(Collected material)

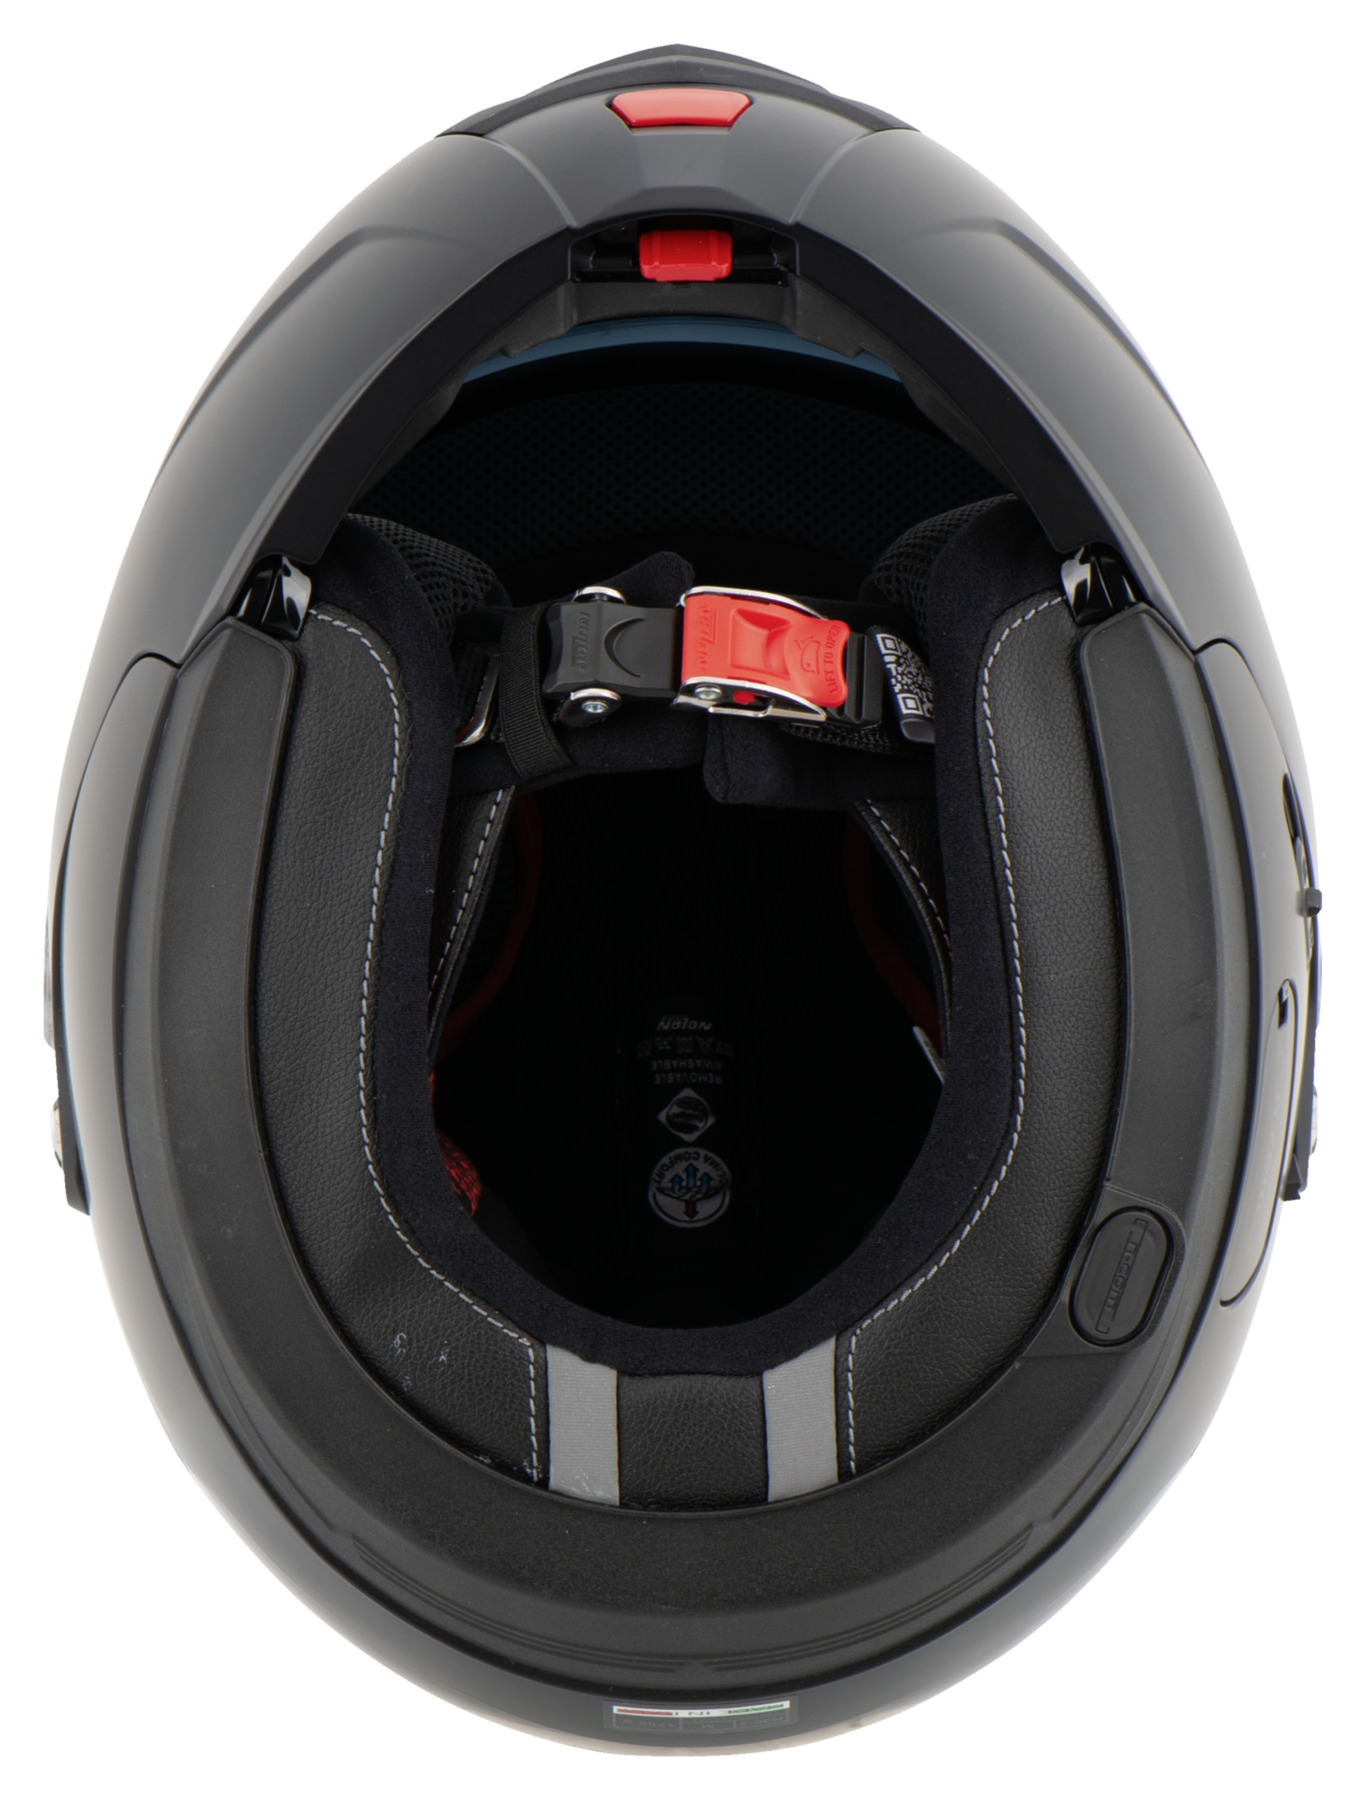 Buy Nolan N90-2 LE Flip-Up Helmet | Louis motorcycle clothing and ...
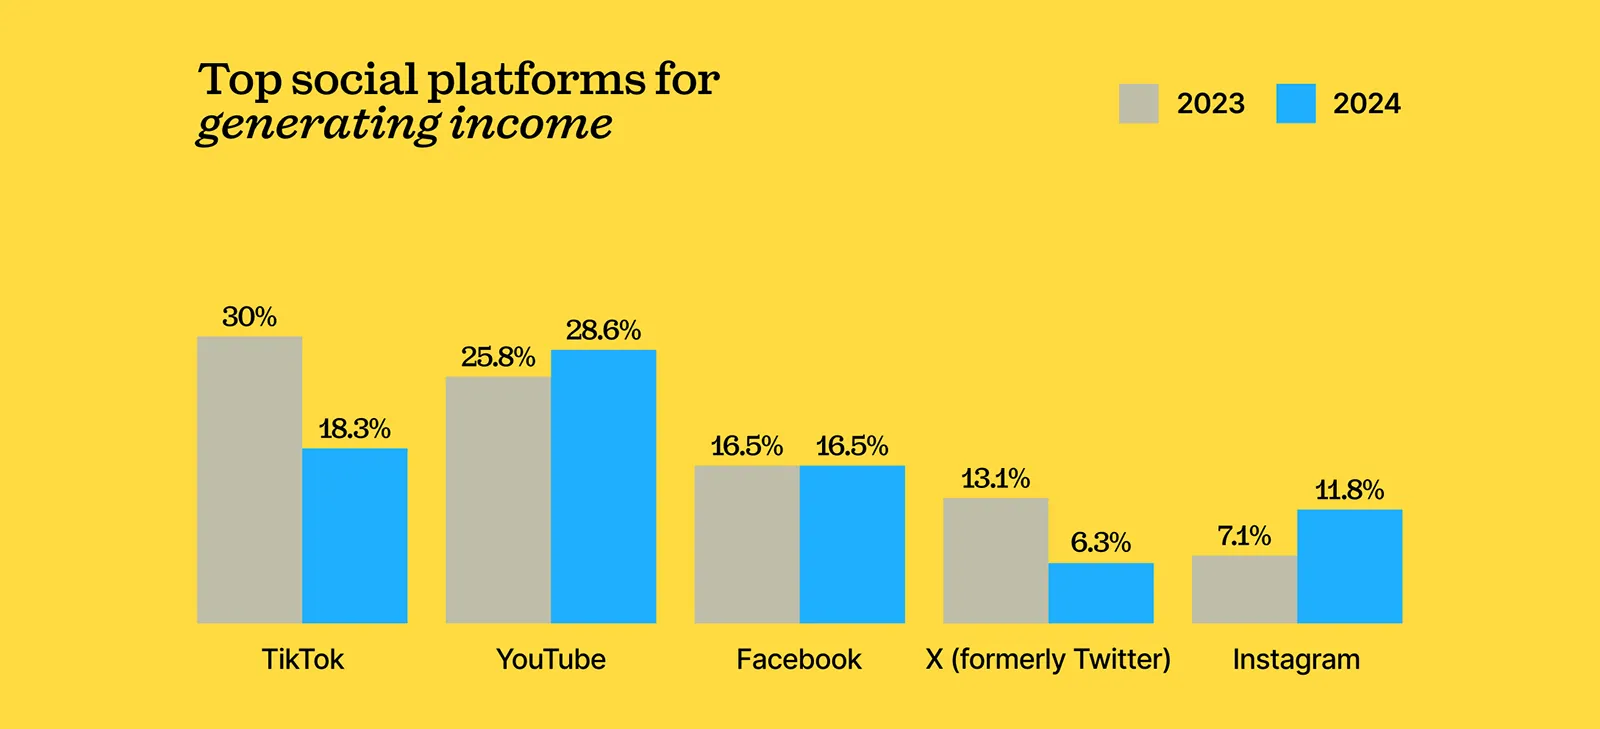 Top social platforms
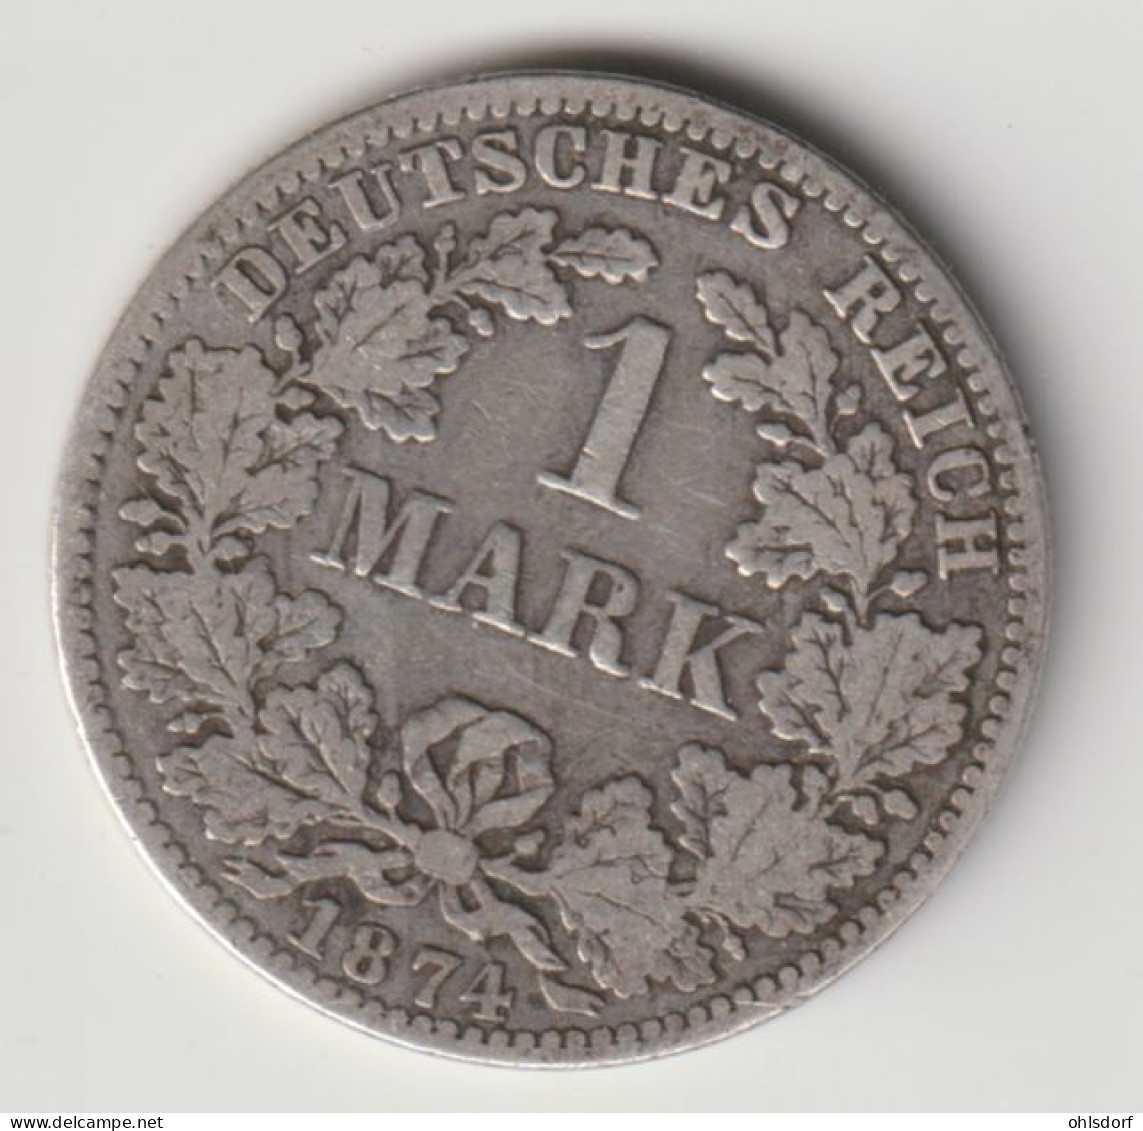 DEUTSCHES REICH 1874 A: 1 Mark, Silver, KM 7 - 1 Mark

(End Collected material)

## Exercise directions
Write out again every line above exactly as given; the pictures do not belong in the copy.

## The completed task
 Buy Nolan N90-2 LE Flip-Up Helmet | Louis motorcycle clothing and ...
 Top social platforms
 DEUTSCHES REICH 1874 A: 1 Mark, Silver, KM 7 - 1 Mark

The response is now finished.